INFORMATION SUPPLIED >>
○ ○ ○ ○

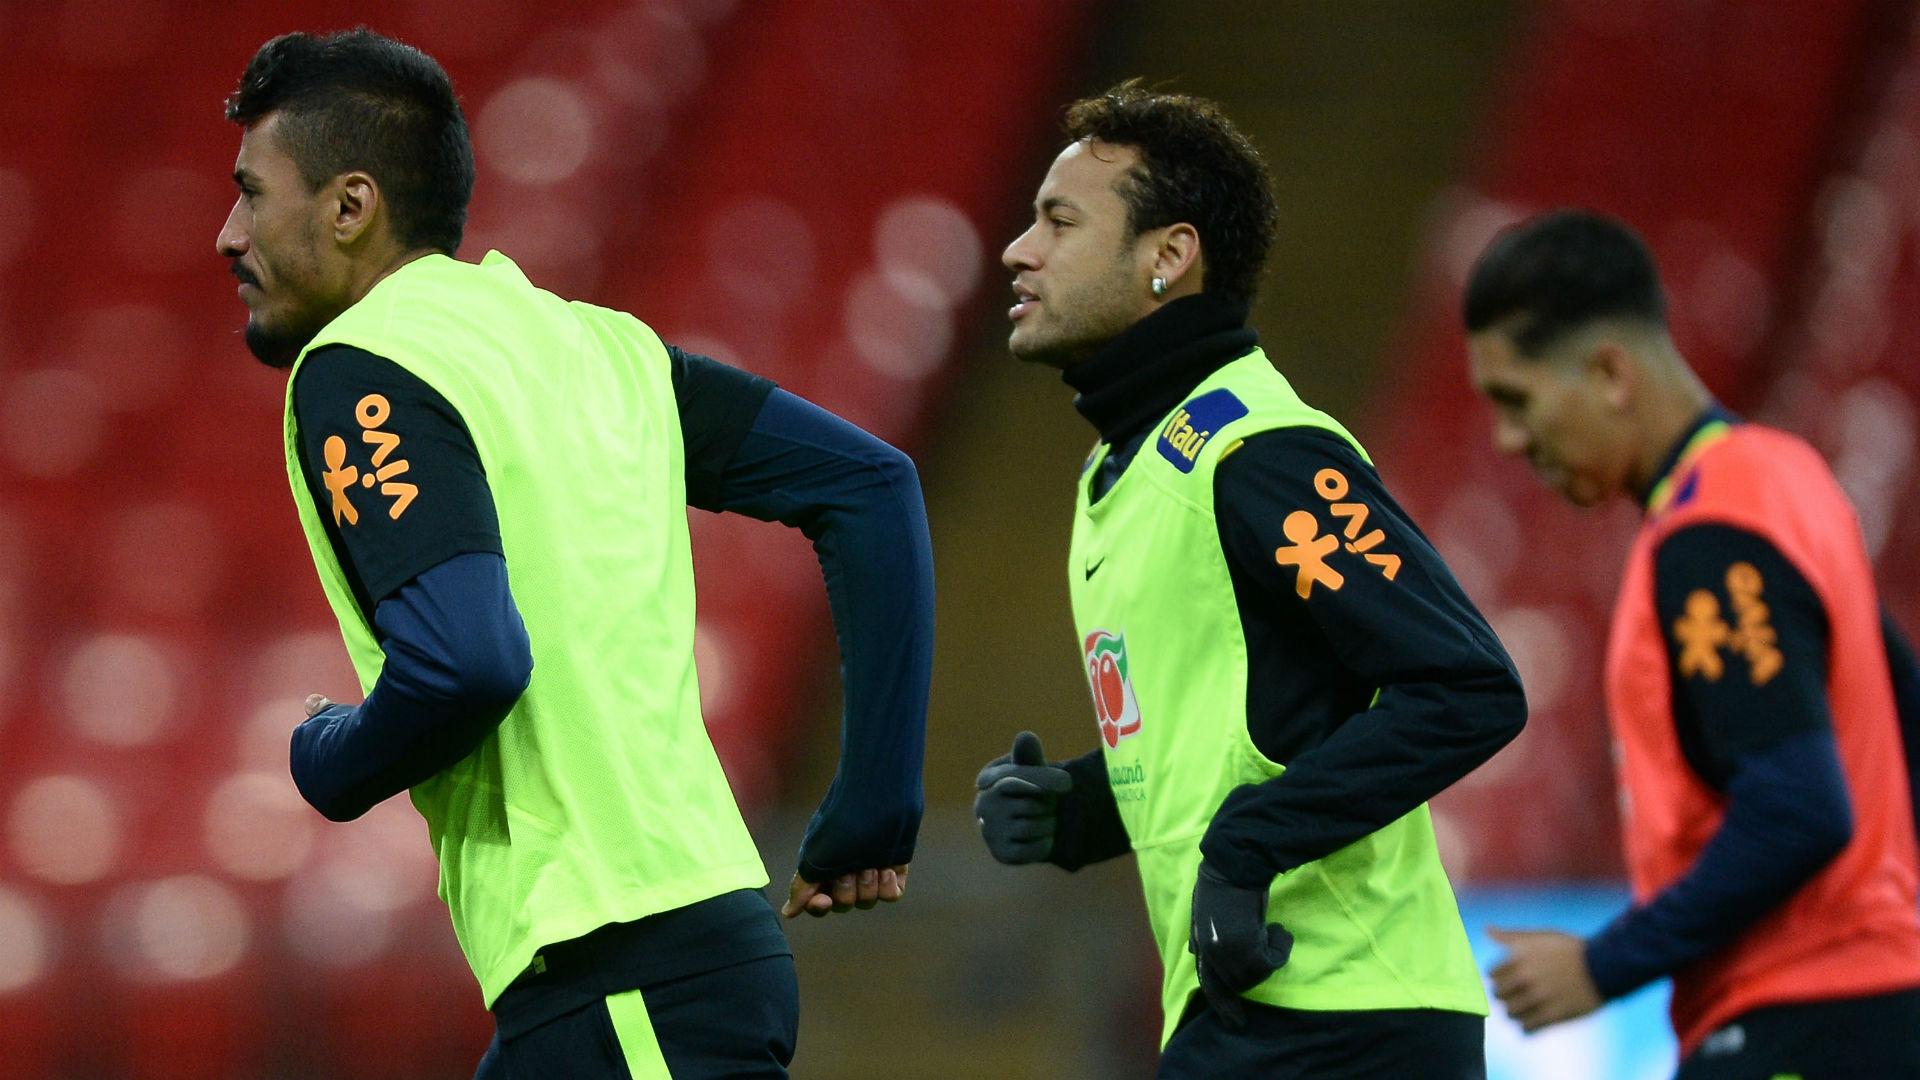 Paulinho Neymar treino Seleção Brasil Wembley 13 11 2017
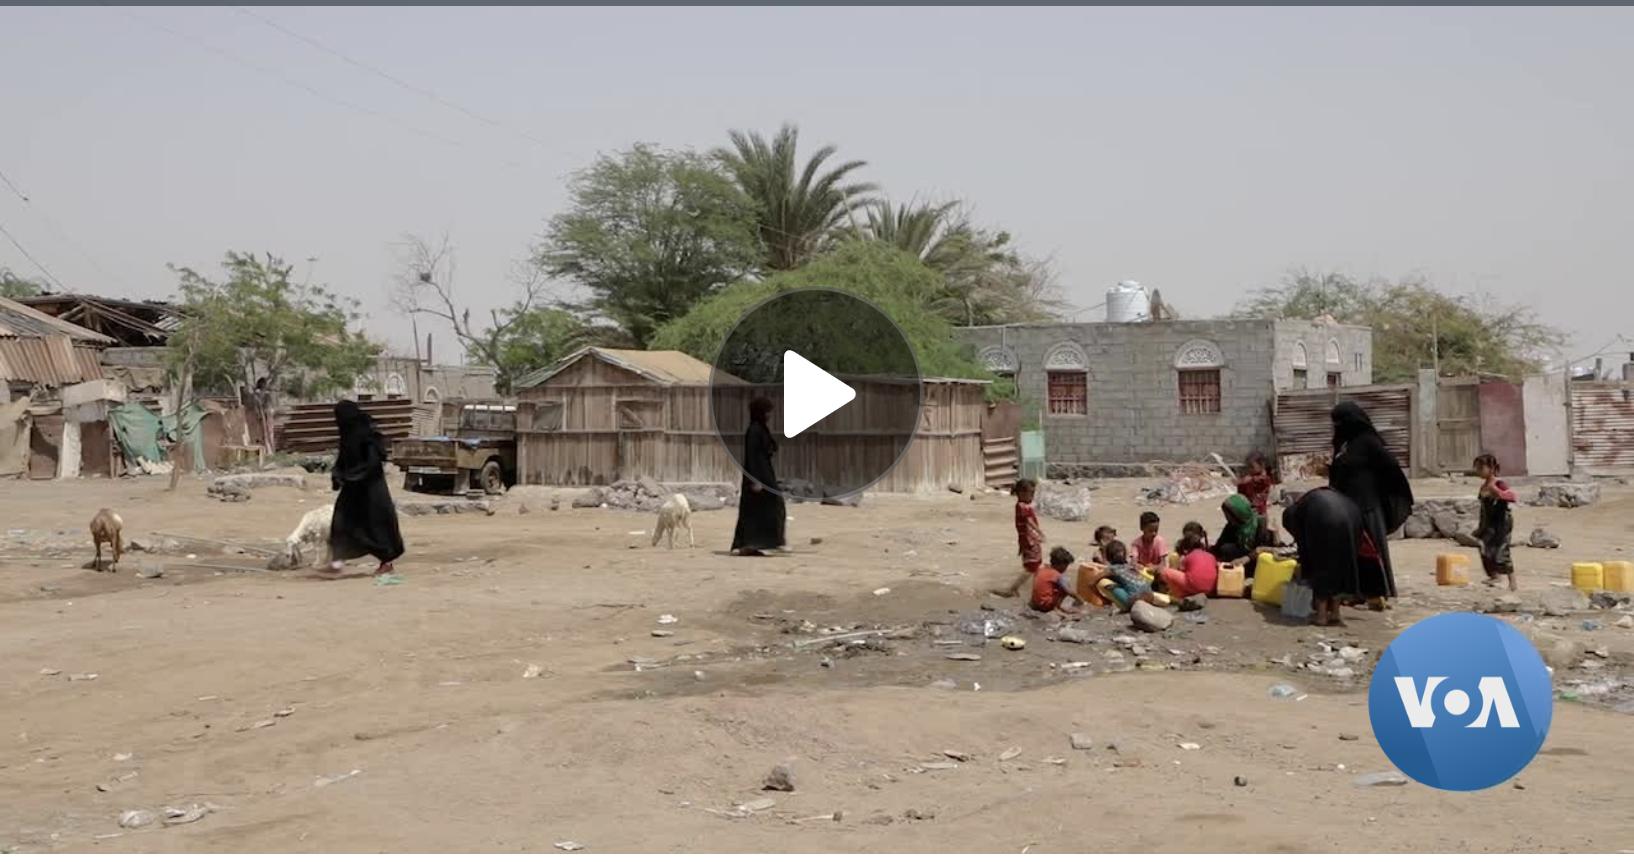 Center Works to Empower Yemen's Women and Girls – Voice of America (image)
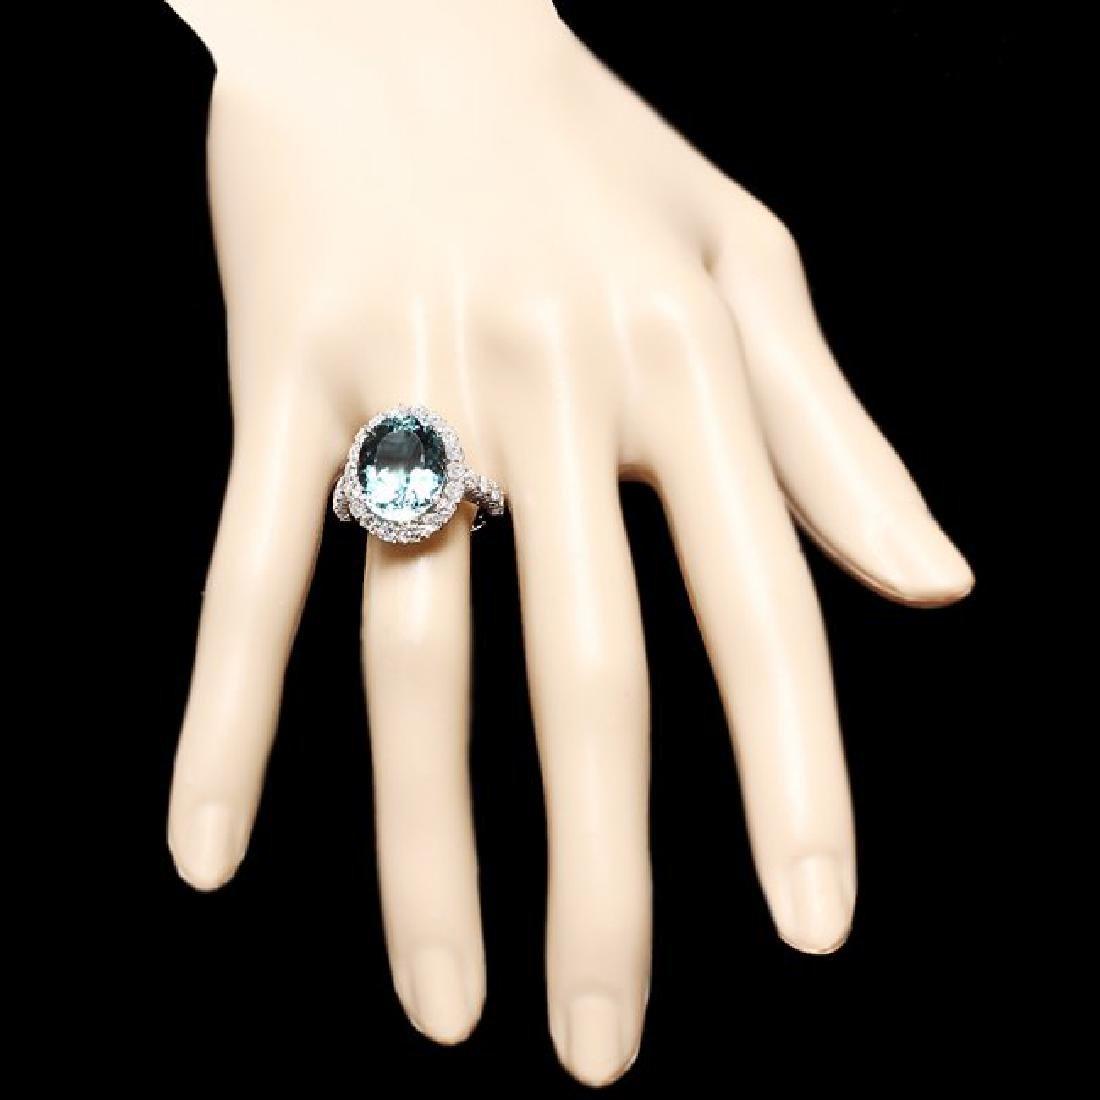 14k Gold 7.50ct Aquamarine 1.55ct Diamond Ring - 4

○ ○ ○ ○

Return the material from above in full, exactly as written, with the pictures omitted.

 Paulinho Neymar treino Seleção Brasil Wembley 13 11 2017
 Center Works to Empower Yemen's Women and Girls – Voice of America (image)
 14k Gold 7.50ct Aquamarine 1.55ct Diamond Ring - 4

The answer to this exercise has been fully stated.